Despite the study’s findings, vaccines continue to provide the most protection against both infection and severity of illness caused by COVID-19. According to the Centers for Disease Control and Prevention, the Pfizer-BioNTech vaccine was 95% effective at preventing infection during clinical trials. Similarly, Moderna’s vaccine was 94.1% effective at preventing infection during clinical trials in people aged 18 years or older.

The study, which is now under peer review, used the ongoing Household Influenza Cohort Study in the Nicaraguan city of Managua. The study was launched in 2017 before the COVID-19 pandemic began and initially studied influenza in households. In February 2020, the study expanded to include SARS-CoV-2 cases.

According to a U-M release, participants who take part in the study are instructed to report to a health center at the onset of any illness. Participants also provide blood samples for serology each year during March and April, an an additional sample was collected in October 2020 from those who consented.

A sub-study within the study analyzes transmission within households of SARS-CoV-2 once a family member tests positive.

Prior to a large second wave of coronavirus cases in March 2021, researchers discovered that 62% of the cohort’s participants were seropositive for COVID-19 and that the delta and gamma variants were the dominant strains.

From these samples, the researchers were able to determine antibody levels required to fight infection, illness and severity of symptoms.

Senior author of the paper Aubree Gordon said that ultimately vaccination against COVID-19 would ease the burden of the pandemic on the community, and that vaccines are still difficult to get in low- and middle-income countries.

“The emergence of variants is really stressing that vaccine equity is incredibly important.
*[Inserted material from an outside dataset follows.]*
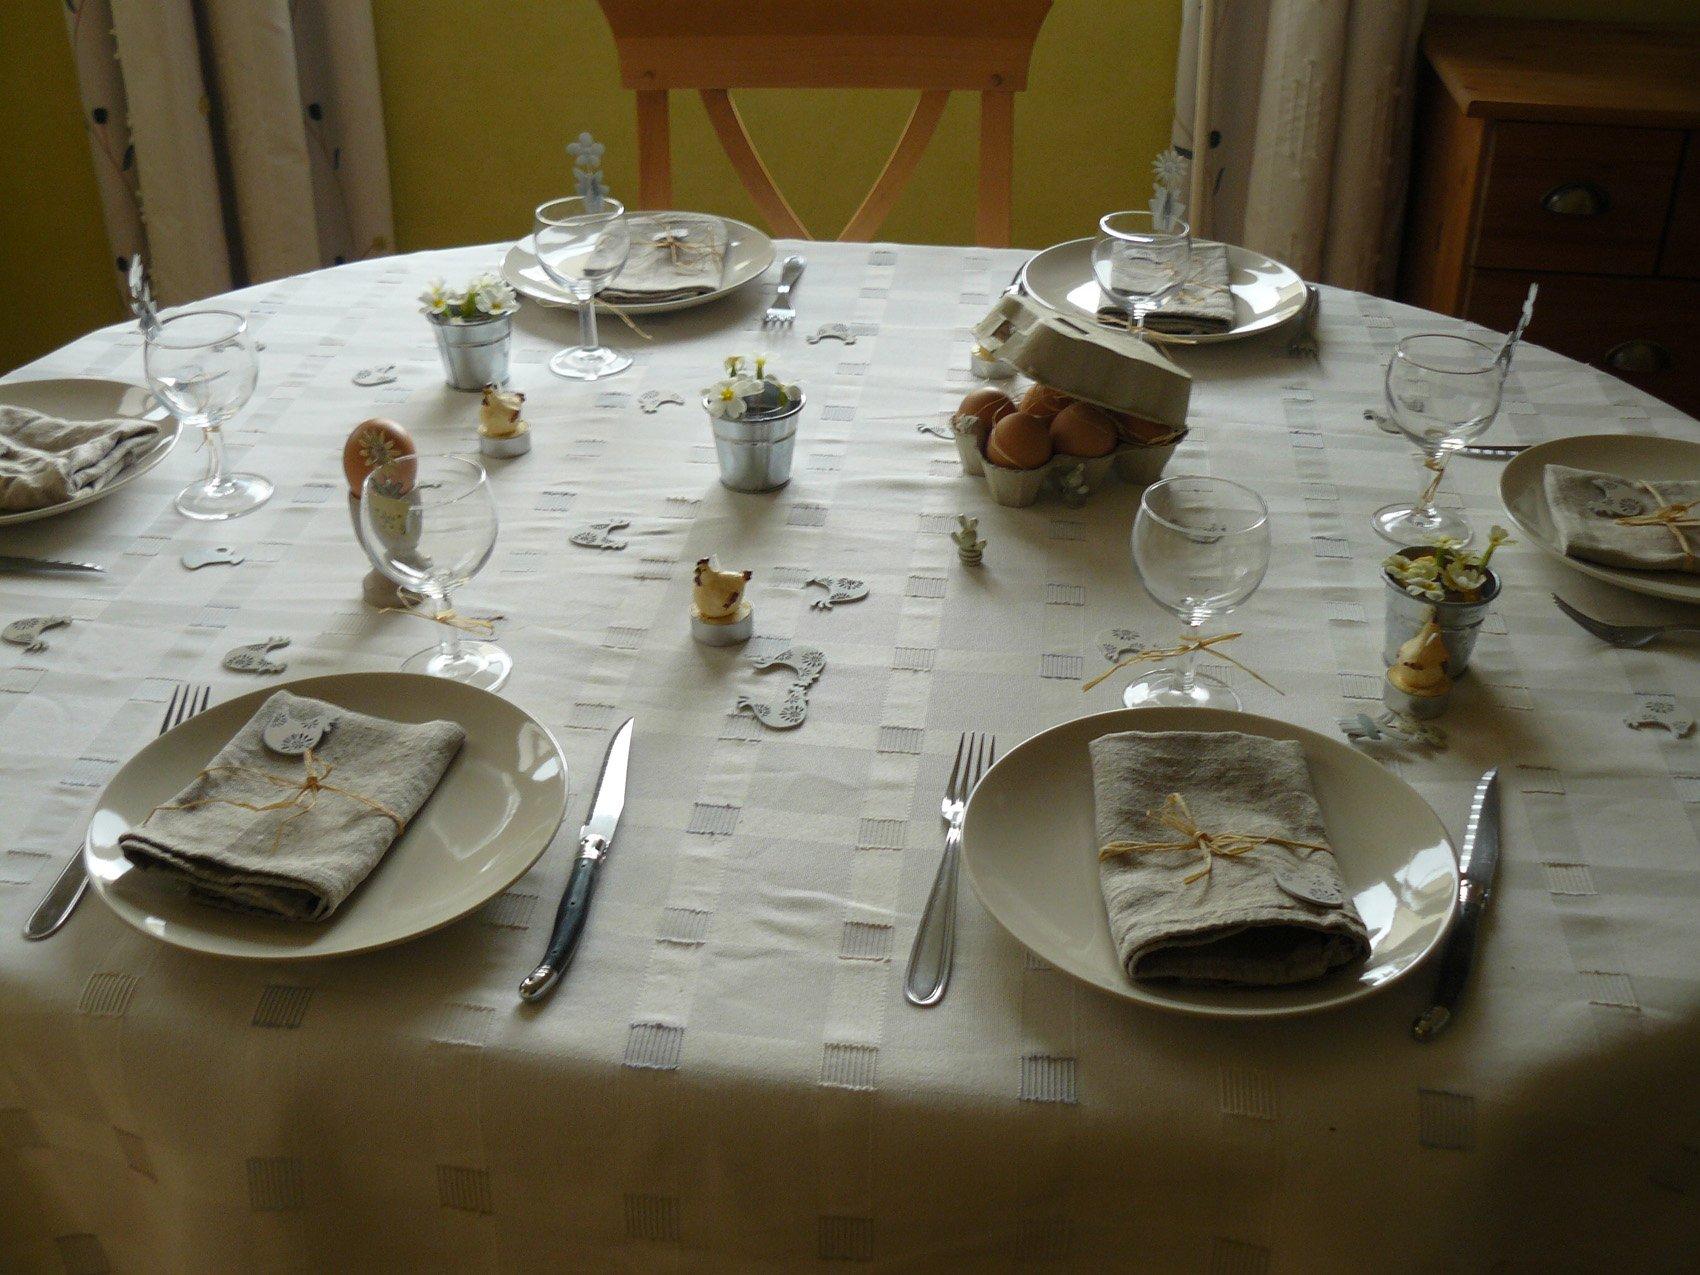 D Coration De Table Les Bricolages D Isa Pour La D Coration De Table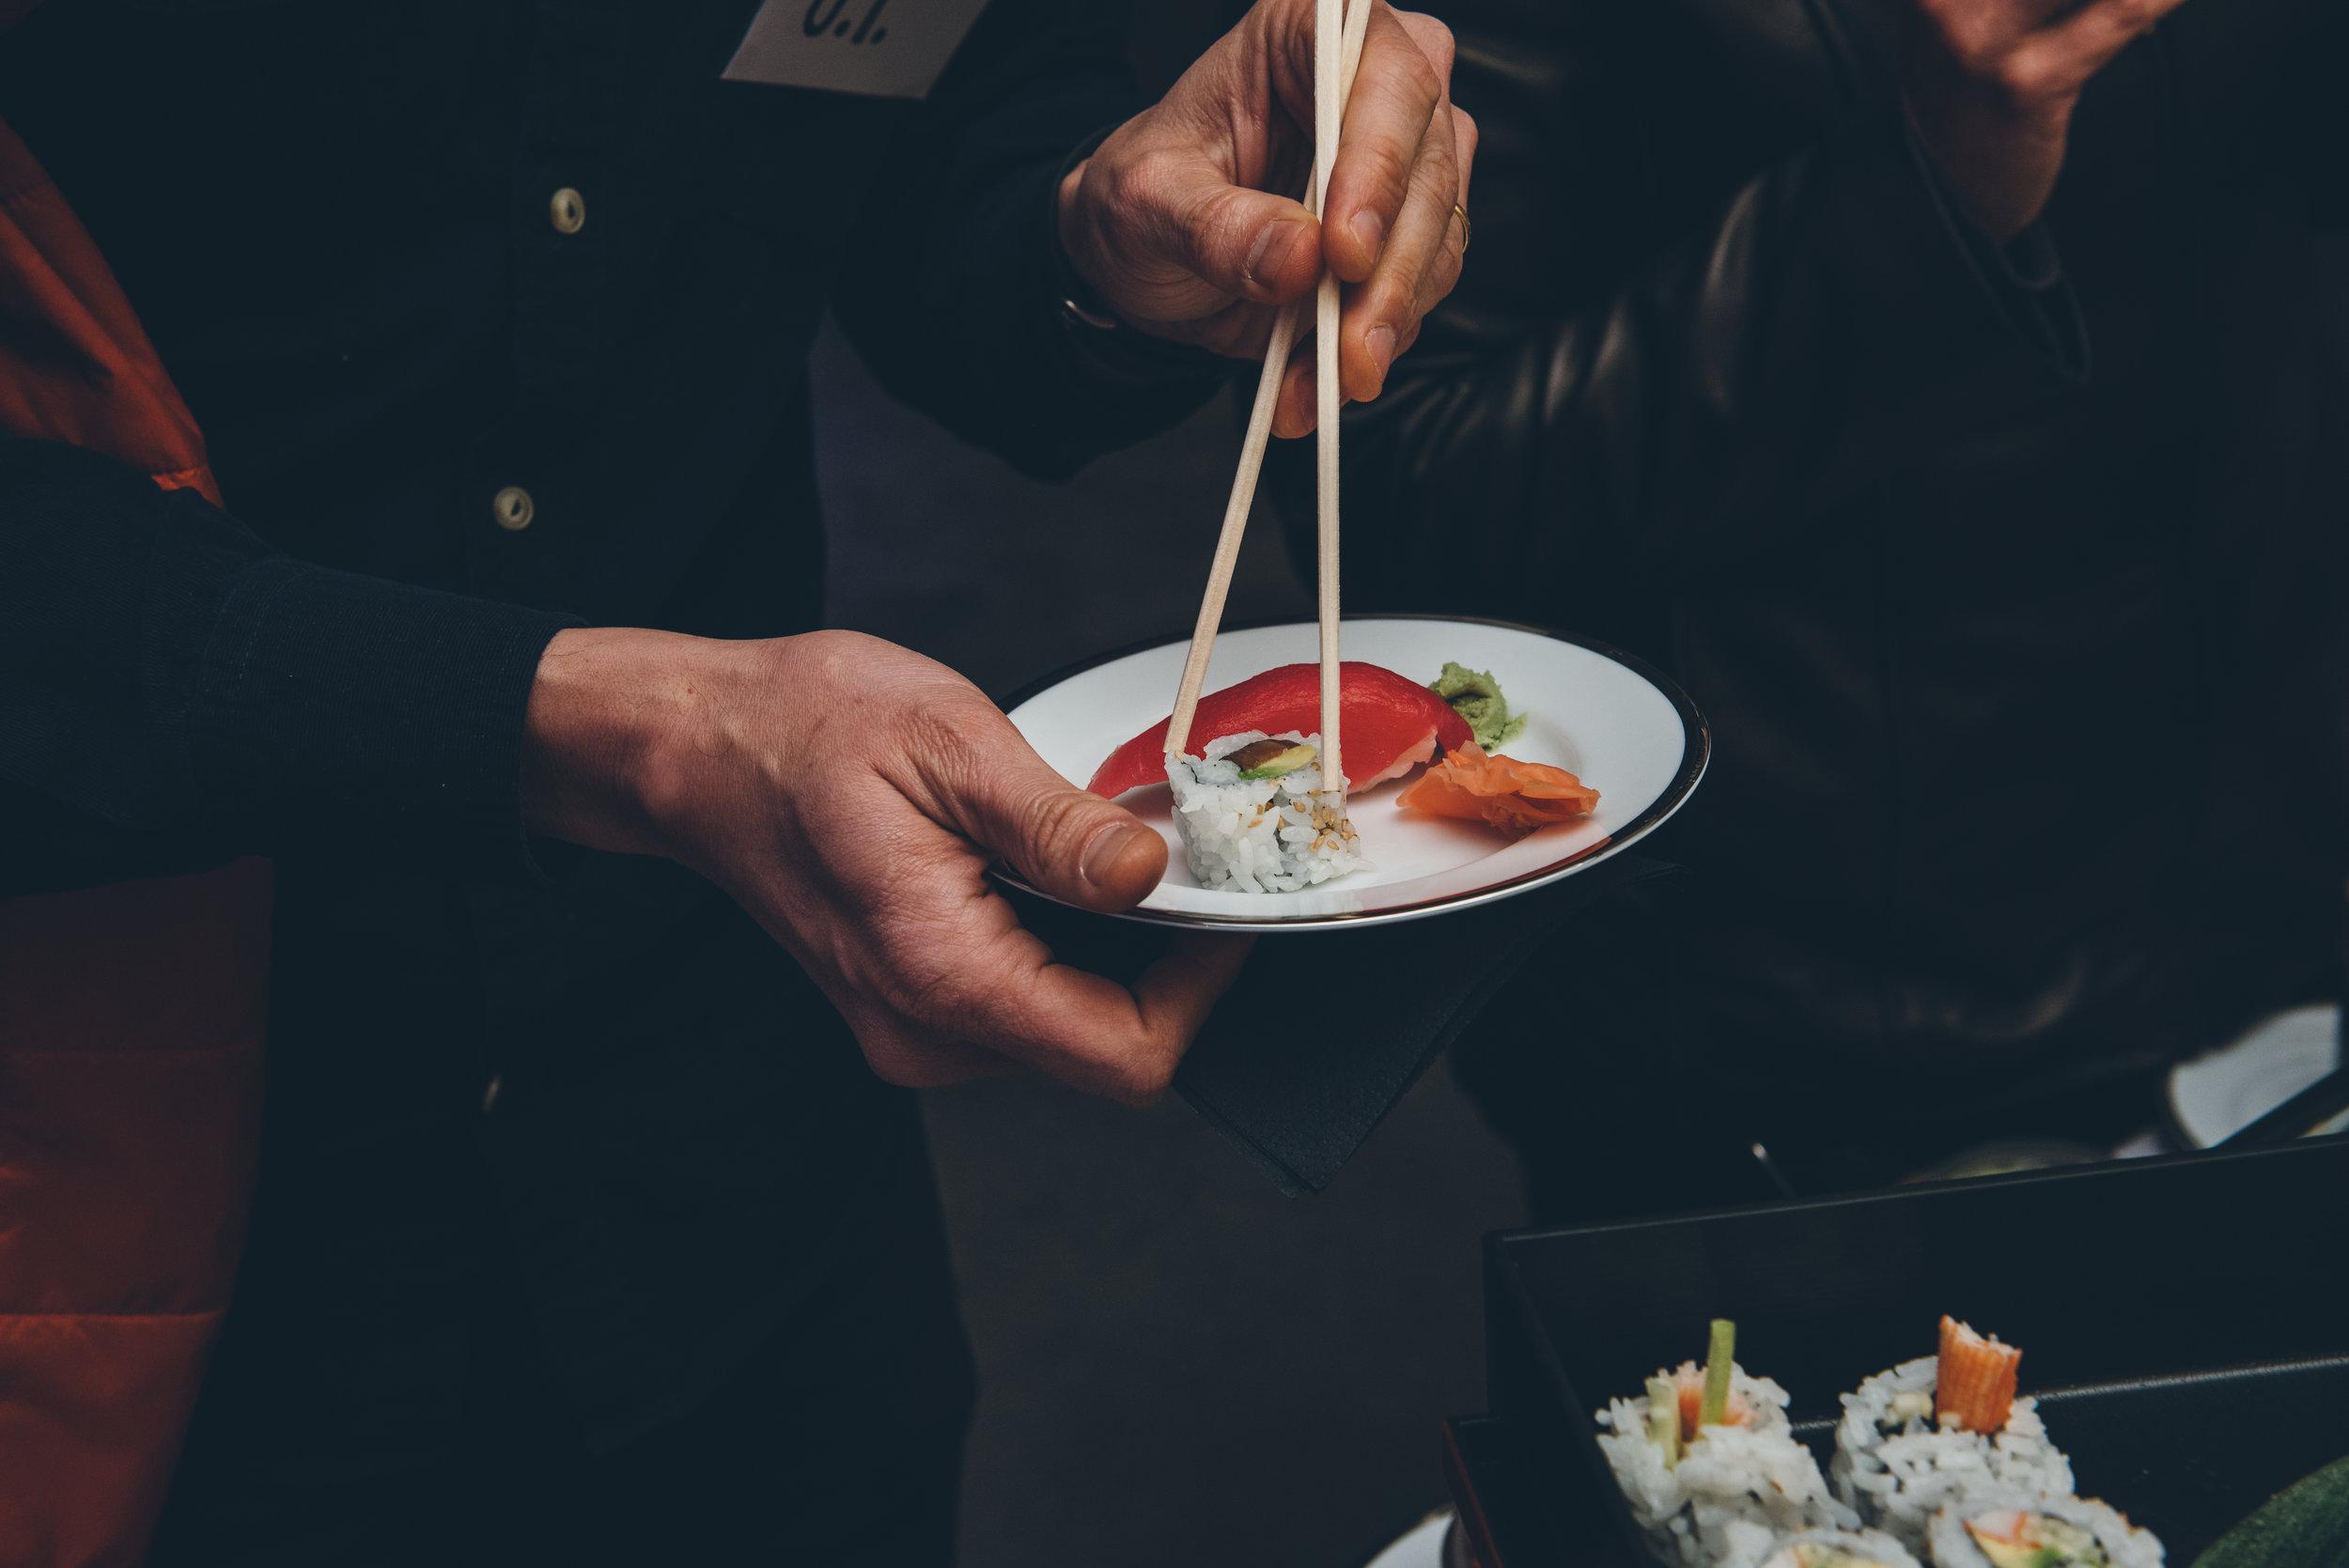 5-4-16-openhouse-sushi-edaileenphotography-zhoub2.jpg

We’re all in this world, in this boat together and we really need to make sure the vaccines get out to low and middle income countries,” she said in a release. “With Omicron, there’s a lot that we don’t know. We anticipate that protection would be lower than what we saw for this study.”

According to a U-M release, other authors of the study include: John Kubale, a research fellow at U-M’s School of Public Health; Angel Balmaseda, Sergio Ojeda, Nery Sanchez, Miguel Plazaola, Roger Lopez, Saira Saborio, Carlos Barilla and Guillermina Kuan, all with the Sustainable Sciences Institute, Managua, Nicaragua; and Eva Harris and Harm van Bakel, Mount Sinai, School of Public Health, University of California, Berkeley.